The Supreme Court on Tuesday agreed to hear the plea of Khalistan Liberation Force terrorist Devinderpal Singh for commutation of death sentence awarded to him for the September 1993 blast to life imprisonment in an open court.

A Bench comprising Chief Justice P. Sathasivam and justices R.M. Lodha, H.L. Dattu and S.J. Mukhopadhaya decided to hear the curative petition filed by Bhullar’s wife Nevneet Kaur on Friday.

The hearing assumes importance in view of the January 21 judgement of a three-judge Bench holding that inordinate and inexplicable delay by government in deciding the mercy plea of a death row convict can be a ground for commuting the sentence.

Bhullar’s wife filed the petition for a relook at the apex court verdict which rejected her plea to commute his death sentence to life imprisonment on grounds of delay on the part of the government in deciding his mercy plea.

Bhullar was convicted of and awarded death penalty for triggering a bomb blast in New Delhi in September 1993, which killed nine persons and injured 25 others, including the then Youth Congress president M.S. Bitta.

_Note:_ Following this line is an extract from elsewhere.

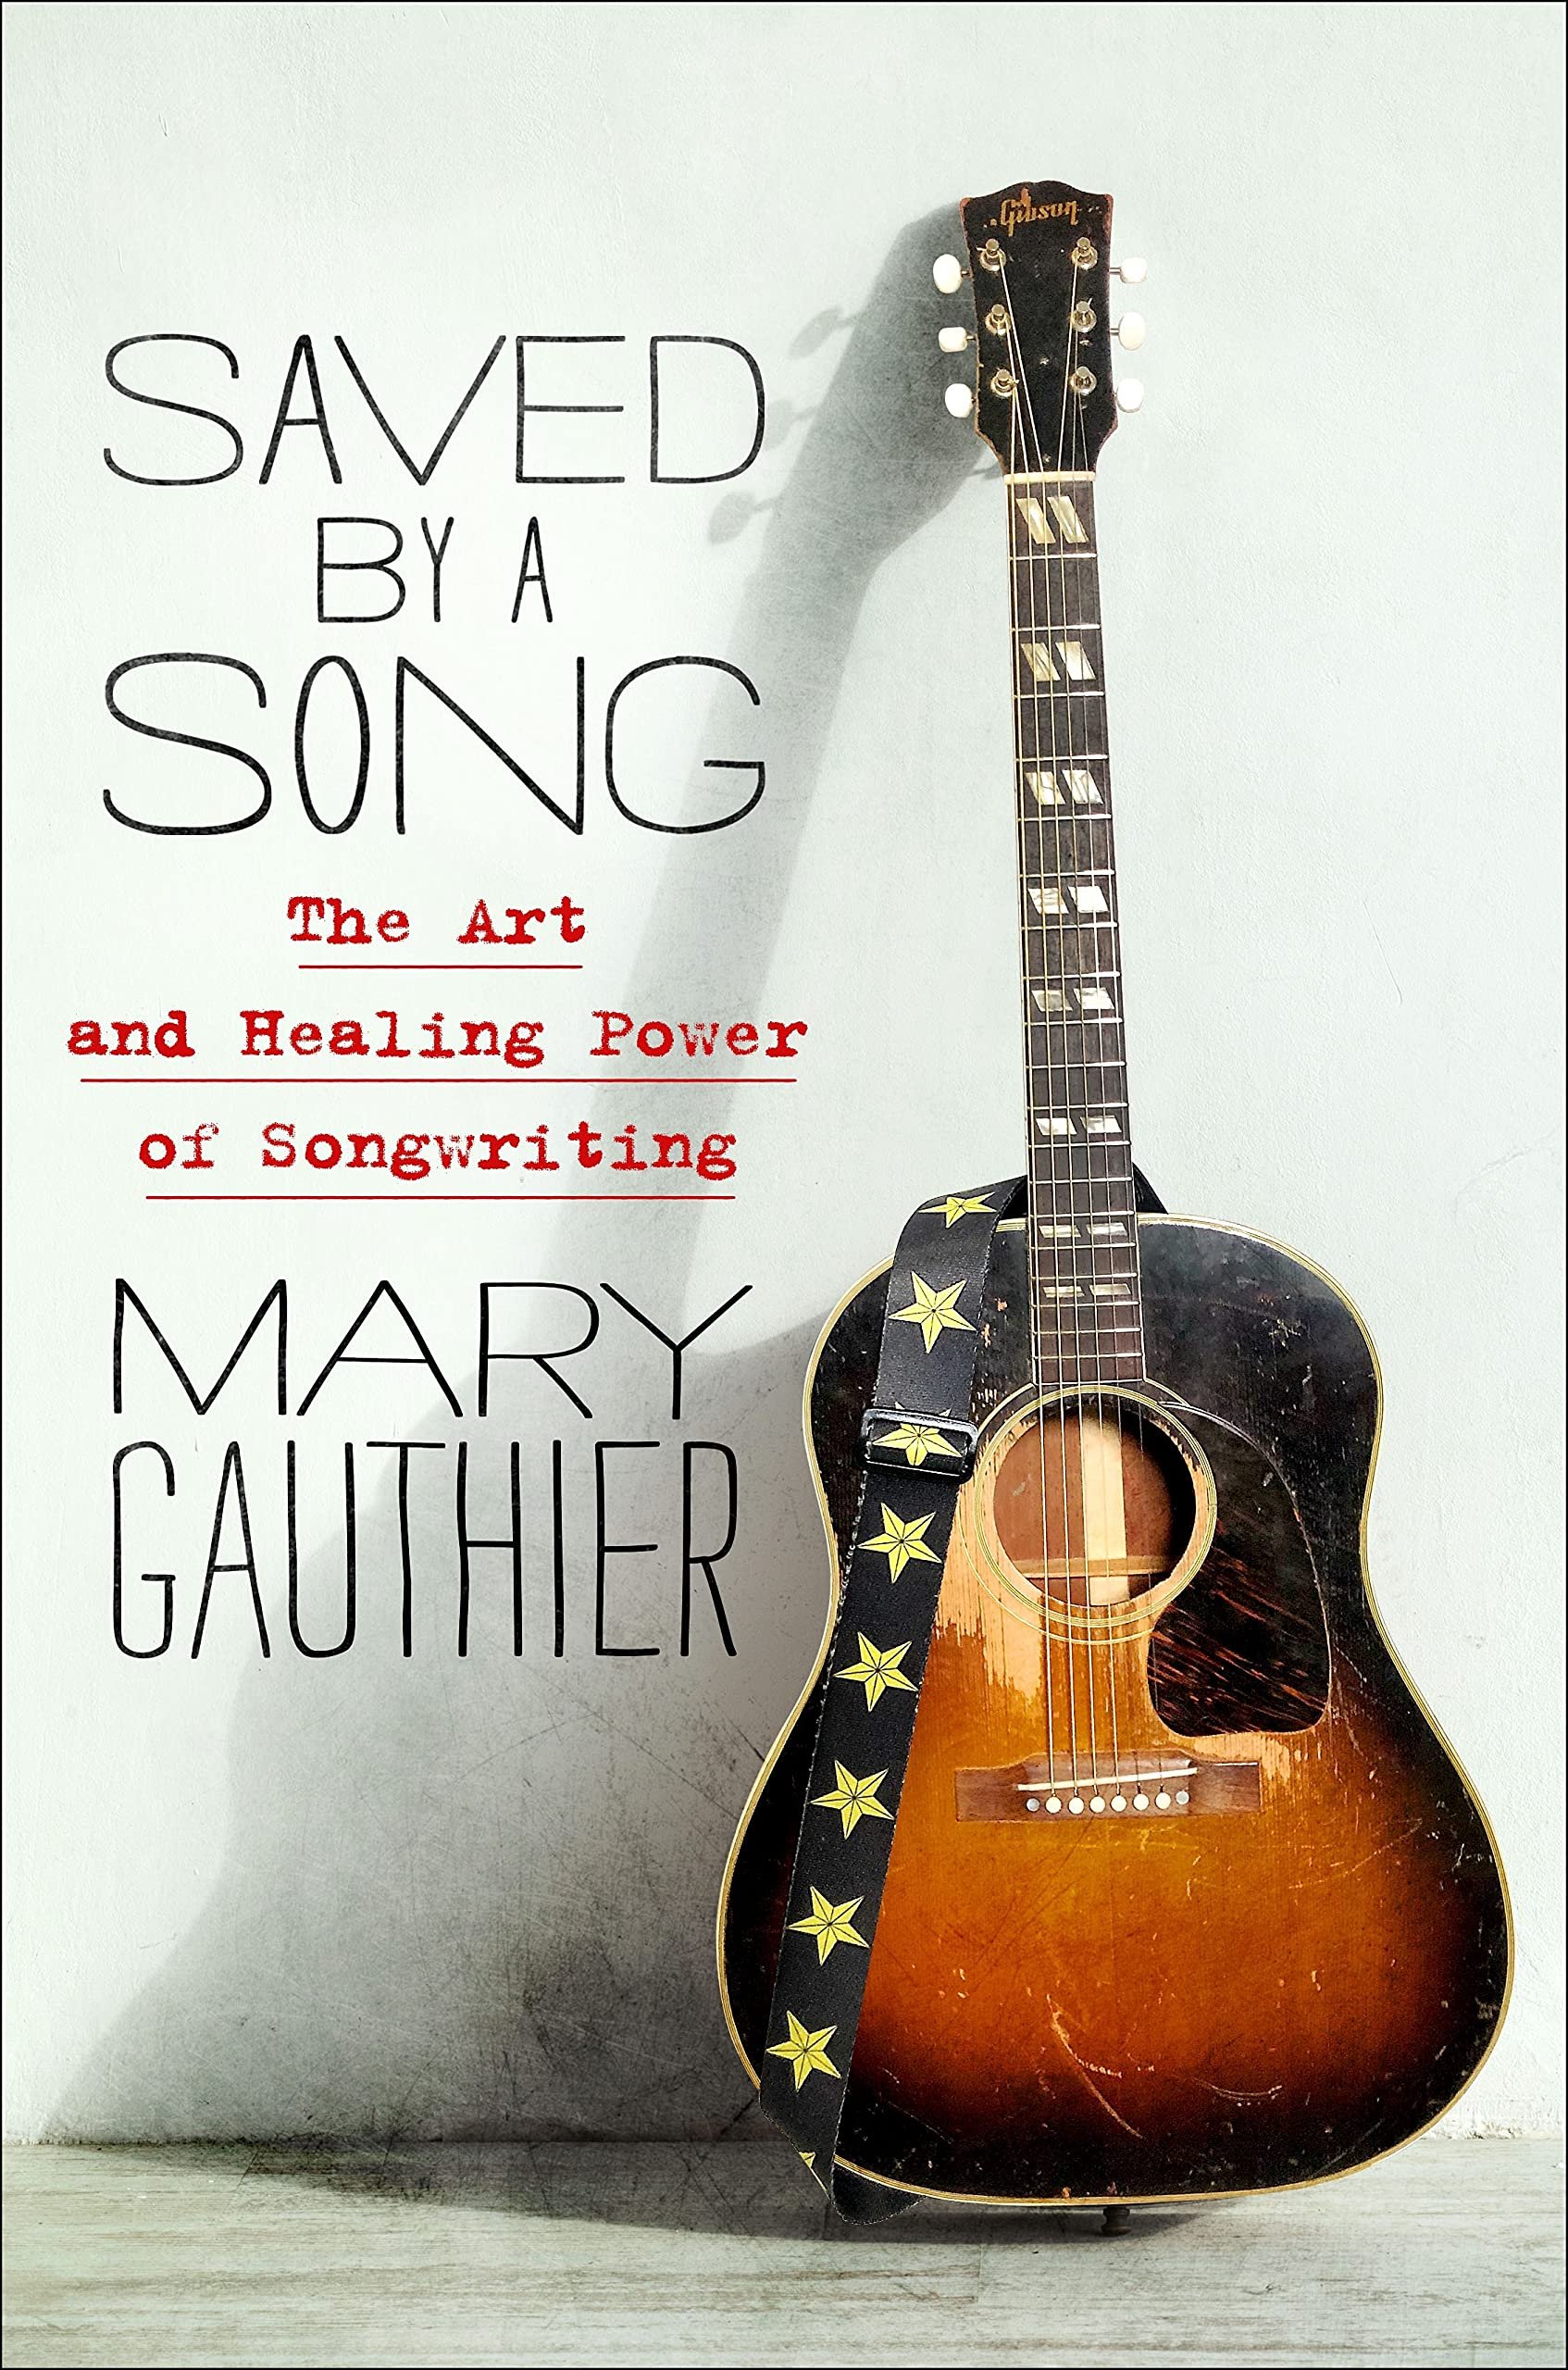 An inspiring exploration of creativity and the redemptive power of song from the Grammy-nominated folk singer and songwriter.

The apex court on March 26, 2002 dismissed Bhullar’s appeal against the death sentence awarded by a trial court in August 2001 and endorsed by the Delhi High Court in 2002.

He filed a review petition which was dismissed on December 17, 2002. Bhullar then moved a curative petition which too was rejected by the apex court on March 12, 2003.

Bhullar, meanwhile, filed a mercy petition before the President on January 14, 2003.

The President dismissed his mercy plea eight years later on May 14, 2011. Citing the delay, he had again moved the apex court for commutation of the death sentence but his plea was rejected.

The apex court on January 21 had held that inordinate delay by government in deciding mercy plea of death row convicts can be a ground for commuting their sentence and had granted life to 15 condemned prisoners including four aides of forest brigand Veerappan.

In a landmark judgement, the court had held that prolonging execution of death sentence has a “dehumanizing effect” on condemned prisoners who have to face the “agony” of waiting for years under the shadow of death during the pendency of their mercy plea.